See [Teacher Distillation Tutorial](docs/tutorials/teacher_distillation.py) for comprehensive examples.

## Documentation

### Tutorials

- [Basic Usage Tutorial](docs/tutorials/basic_usage.py) - Getting started with distillation methods
- [Teacher Distillation Tutorial](docs/tutorials/teacher_distillation.py) - Self-distillation with soft labels
- [Basic Usage Notebook](docs/tutorials/basic_usage.ipynb) - Interactive Jupyter notebook

### Guides

- [Teacher Distillation Guide](docs/teacher_distillation_guide.md) - Comprehensive reference
- [Quick Start Guide](docs/quickstart.md)
- [Installation Guide](docs/installation.md)
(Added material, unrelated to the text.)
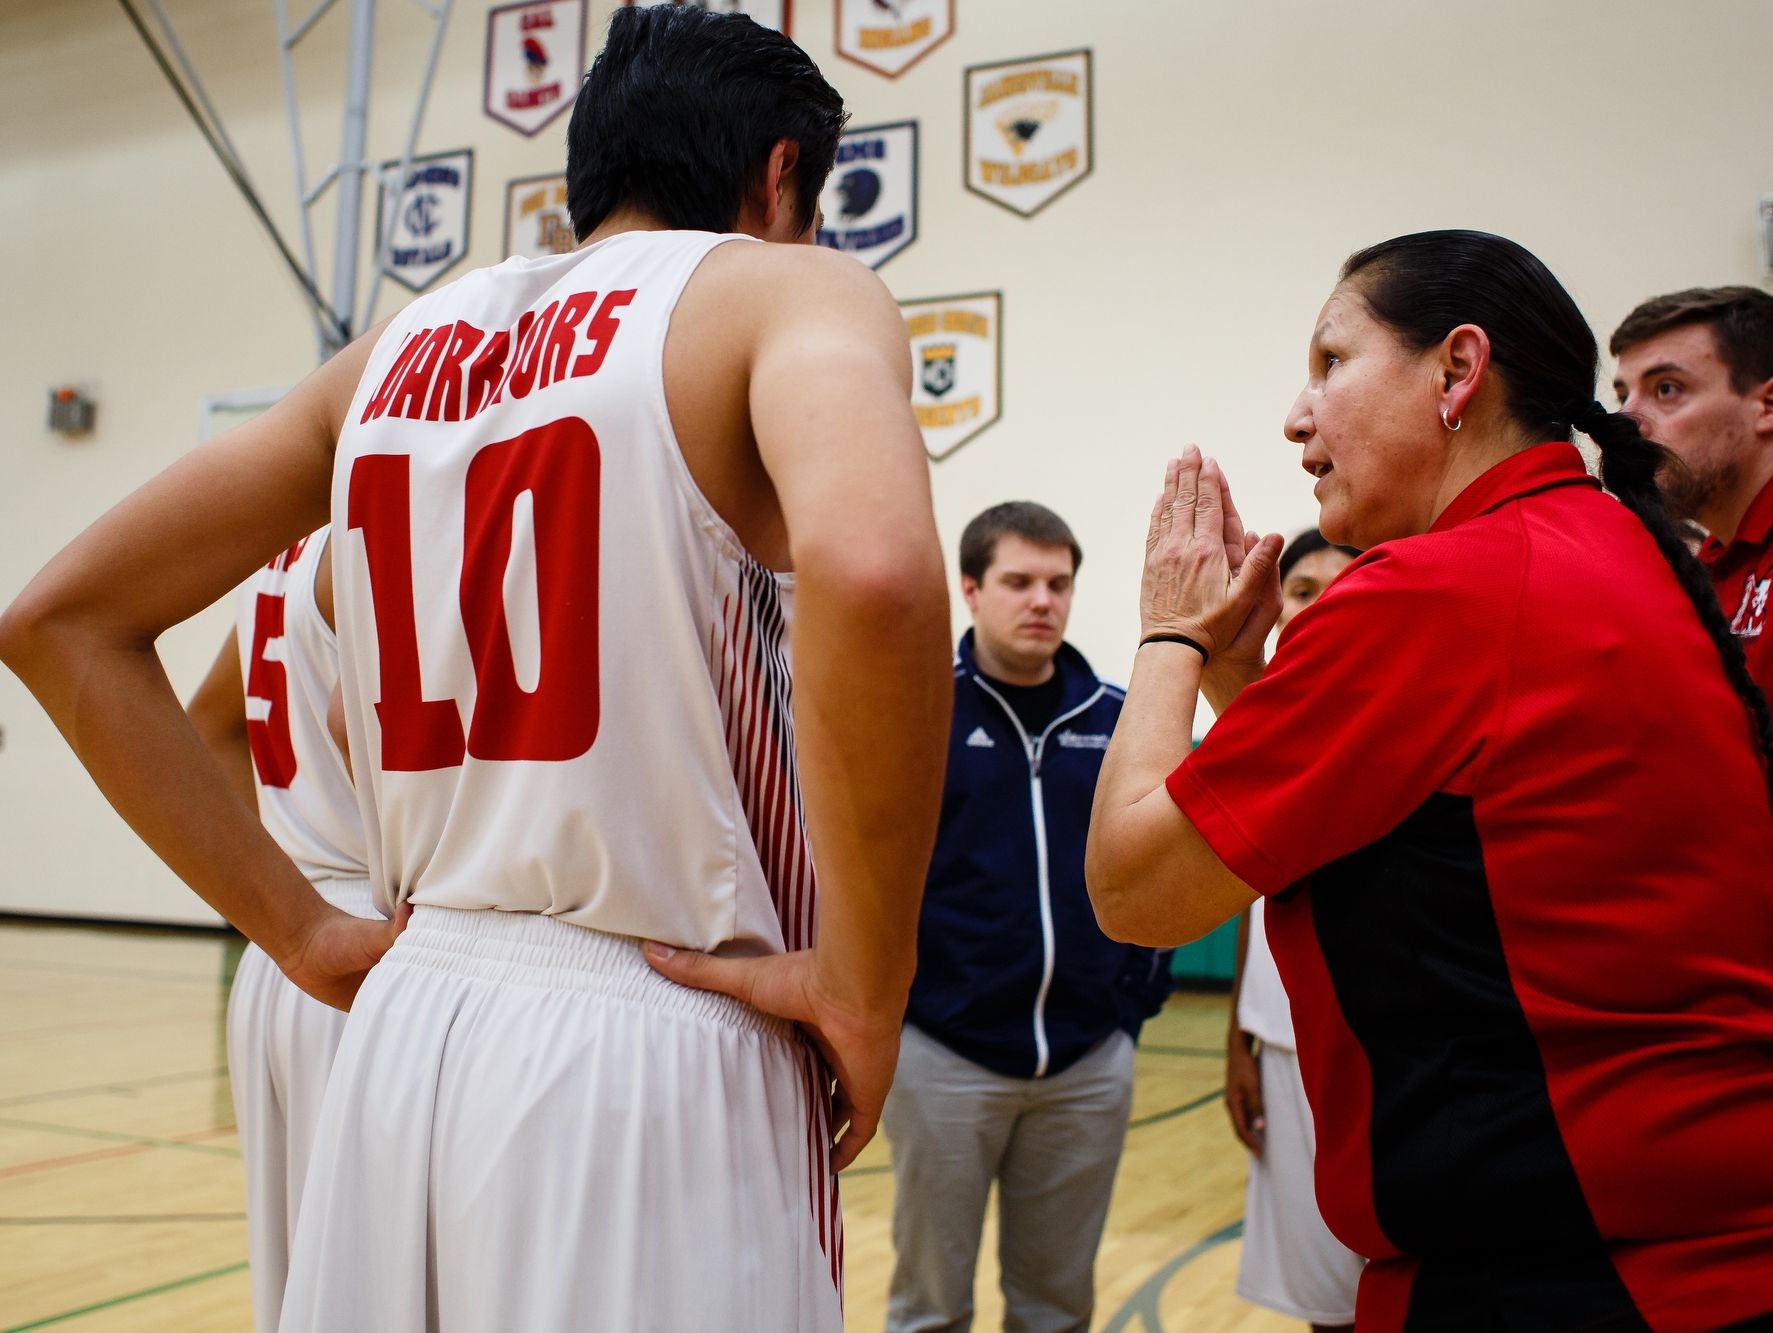 Meskwaki boys' basketball coach Dina Keahna is the only female varsity coach in the state. Her goal she said is to teach the boys life skills through the sport and, "do the the little things and let the score take care of itself." Here she coaches the team during a game at home on Monday, Dec. 19, 2016, in Tama.

Full documentation is available at [https://distillseq.readthedocs.io](https://distillseq.readthedocs.io)

## Citation

If you use `distillseq` in your research, please cite:

##TODO: Add when avail
<!--
```bibtex
@software{distillseq2025,
  title = {distillseq: Data Distillation for Genomic Deep Learning},
  author = {Your Name},
  year = {2025},
  url = {https://github.com/yourusername/distillseq}
}
```
-->

## License

MIT License - see [LICENSE](LICENSE) file for details.